Comparing Growth Parameters for Our Cyanobacteria Culture Experiments

We aim to gather experimental data from the wetlab groups to conduct an optimization. This will allow us to fit a curve to the data points and let us make conclusions about the effect of the inserted genes on cell growth. .

Our original data comes from our experiments with growing cyanobacteria (sp. CB0101) in semi-controlled conditions in our own homes. We grew the bacteria in solutions with varying concentrations of iron, from 0 up to 10x the recommended amount, to generate a control group that showed how an unmodified strain was able to cope in each environment.

The bacteria density was measured daily with a Secchi stick--a small ruler with a black-and-white disk at the end. The disk was lowered slowly into the solution, and the depth at which it disappeared was recorded in millimeters.
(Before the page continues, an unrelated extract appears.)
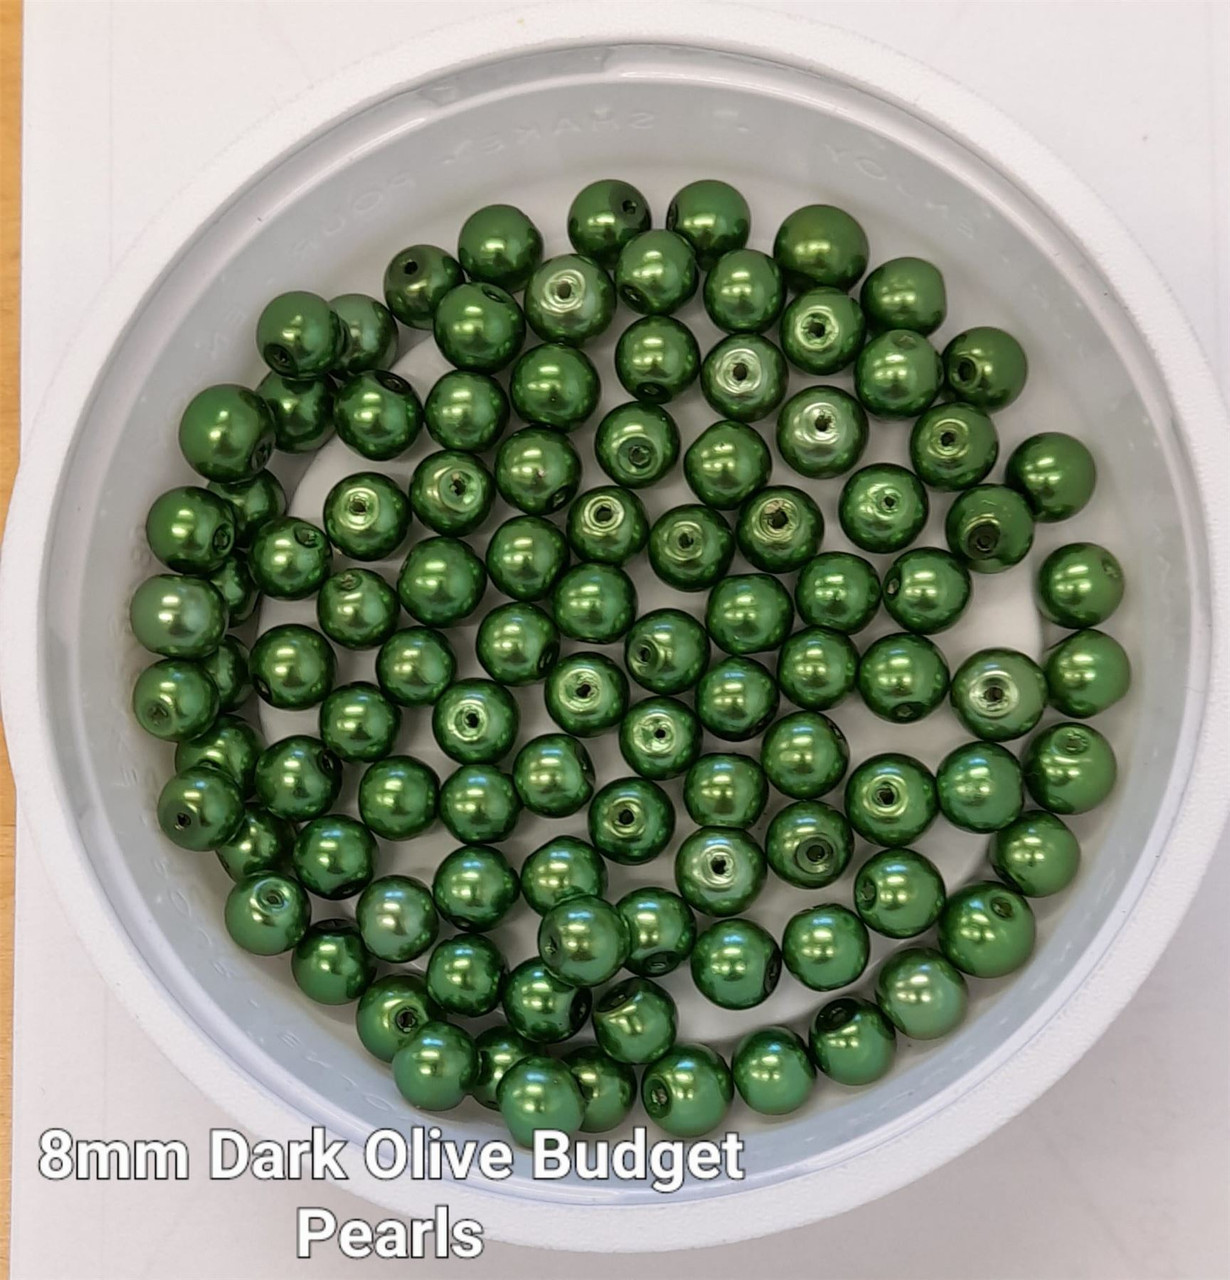 8mm budget Glass Pearls - Dark Olive (100 beads)

As expected, our cell growth measurements (1/mm from secchi) indicated more growth at later times and with higher iron concentrations. However, our experimental data didn’t follow the logistic curve produced by the Monod Model. The growth of our cyanobacteria was much closer to a linear trend. Further discussion of our experimental outcomes can be found on our Contribution Results Page.

To compare the parameters obtained from the Patel data with our own experiment, we will need to input our spreadsheet into MatLab and continue adjusting our input variables to generate the optimals with the lowest cost and the tightest-fitting curve. We predict that our data will not fit the Patel optimals well; our growth curve was much less exponential in form and more linear than the Patel experiment, possibly due to a much lower mu_max, so significant adjustment may be necessary.